Elon Musk is in court, once again, today in San Francisco. In this case, he is accused of leveraging his audience to devalue Twitter’s stock price before purchasing the social media platform 2022.
In October 2022, the lawsuit was started by Twitter shareholders in the U.S. District Court for the Northern District of California. This specific set of shareholders sold their stocks between May 13 and Oct. 4, 2022, just a few week before Musk’s gained full ownership of Twitter.
Musk is accused of violating federal securities laws by making false, public statements that “were carefully calculated to drive down the price of Twitter stock.”
A calculated cause
The lawsuits states that, “to try to renegotiate the price or delay the merger, Musk made materially false and misleading statements and omissions, and engaged in a scheme to deceive the market, all in violation of the law”.
In April 2022, Musk’s deal to purchase twitter and privatize the business was sealed. On May 13th, 2022, he decided to put it on hold in order to weed out the amount of fake accounts populating the app. That same day, the stock fell nearly 10%.
This lead to Twitter’s stock taking a tumble. Quintessentially, Musk tweeted, ironically, that the deal could not proceed because around 20% of Twitter accounts were “fake”.

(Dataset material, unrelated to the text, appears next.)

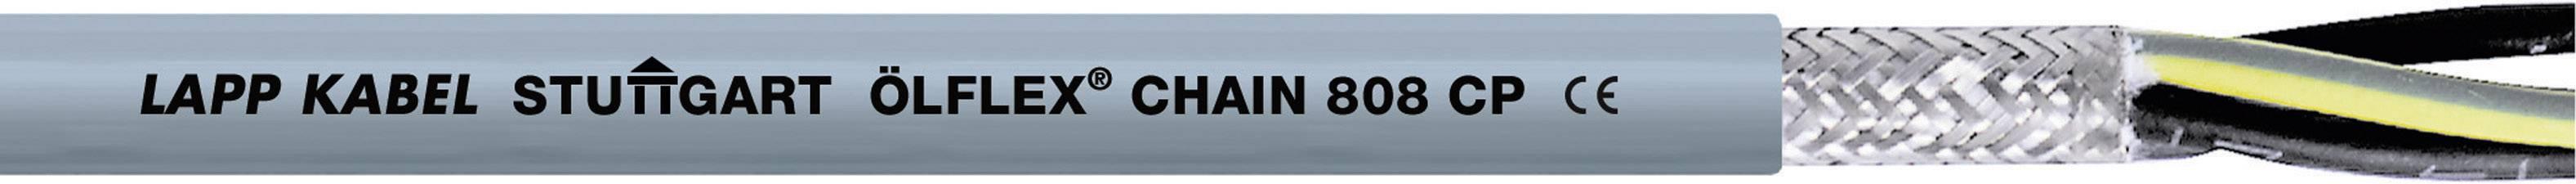 Žíla kabelu LappKabel ÖLFLEX CHAIN 808 CP 3G2,5 (1027783), 3x 2,5 mm², polyurethan, Ø 9 mm, stíněný, 100 m, še

When questioned by the plaintiff’s lawyer, Musk stated that he didn’t believe Twitter was the “material” he was looking for in early 2022. At the same time, he was collecting Twitter without publicly discussing it. He also did not disclose it to the Securities and Exchange Commission.
In his defence, Musk simply explained that he bought a lot of stock in different companies without posting about it. As soon as he announced his involvement with Twitter, the stock rocketed up 27%.
Definance and indecision
However, the point of contention between the shareholders and Musk sharpened in the weeks following. After his initial Tweet about pausing the purchase of the platform, he continued to express disdain and disinterest for the deal.
Musk claimed that he would drop Twitter if it failed to prove that the desired majority of the user base was legitimate. With his staggering online presence and influence, this impacted public opinion, which resulted in the stock dip.
Notably, Twitter never agreed to put the deal on hold. It was heavily one sided on Elon Musk’s part.
On July 8th, 2022, Musk tweeted that he was abandoning the purchase due to, what he claimed, was insufficient information about the number of fake verses real Twitter users. In his words, Twitter “lied” about the numbers in saying that 5% of accounts were bots — wether or not this is true of false is unclear.
That same day, Twitter’s stock closed at $36.81 — 32% less than Musk’s offer price of $54.20 per share.
Back-and-forth in court
After a series of court battles between Musk and Twitter, the deal finally closed in October 2022. The world’s wealthiest man bought Twitter for $44 billion and renamed it “X” in 2023.
Since then, the app has appeared in the news numerous for many controversial reasons, including an overhaul of the employee-base, unreasonable expectations and the proliferation of hate speech.